One of the incredible treasures that amazed us was the Cathédrale Notre-Dame De Bayeux. It’s similar to the Notre-Dame in Paris! It was one of my favorite cathedrals we visited in Europe because of the amazing Gothic architecture and also because of the ease of access to visit. It is an active place of worship as well as a place of history.
Cathédrale Notre-Dame De Bayeux is adorned with many carvings and stained glass windows, lovely chapels, a beautiful basement, gothic nave, flying buttresses, towering steeples, bell tower, and gargoyles–and it is over 1000 years old! And having survived the centuries and many recent wars, this cathedral stands tall as a beacon of survival.
And I couldn’t help but notice the bright red doors!
And I LOVED the fleur di lis adorning some of the inside doors (reminding me of Louisiana!).

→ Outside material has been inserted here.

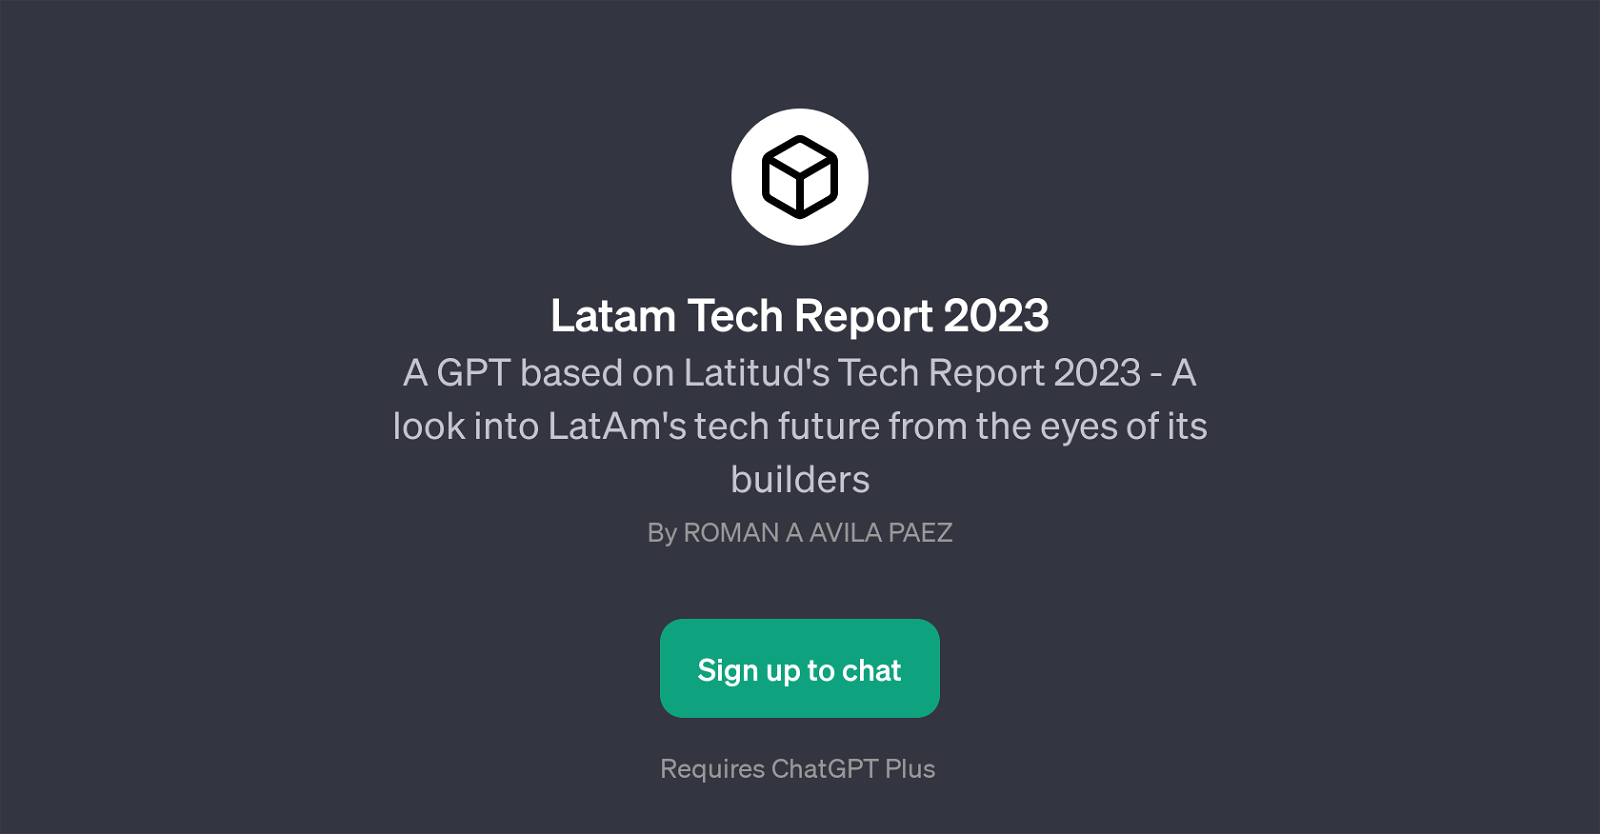 Latam Tech Report 2023 website

Bayeux and the nearby Normandy beaches are places to visit as well as to reflect and remember the D-Day invasion of June 6, 1944. And as we would discover later that day when we visited the Normandy American Cemetery, the significance of D-Day is understood and appreciated by the people of this region.
We Came to Bayeux to Remember D-Day
So as we joined other guests at our B&B for breakfast, we were intrigued and slightly amused that of the three couples gathering at the table that morning, there was a British couple, a Canadian couple, and an American couple. And what we had in common that day was we had all traveled to Normandy for the same purpose, to remember what happened in 1944 and the sacrifice made by many British, Canadian, and American soldiers to liberate northern France.
And for us, Bayeux with its historical charm was a wonderful Normandy stopover on our way to the D-Day beaches. I hope to return one day to experience this quaint medieval town again. And to remember.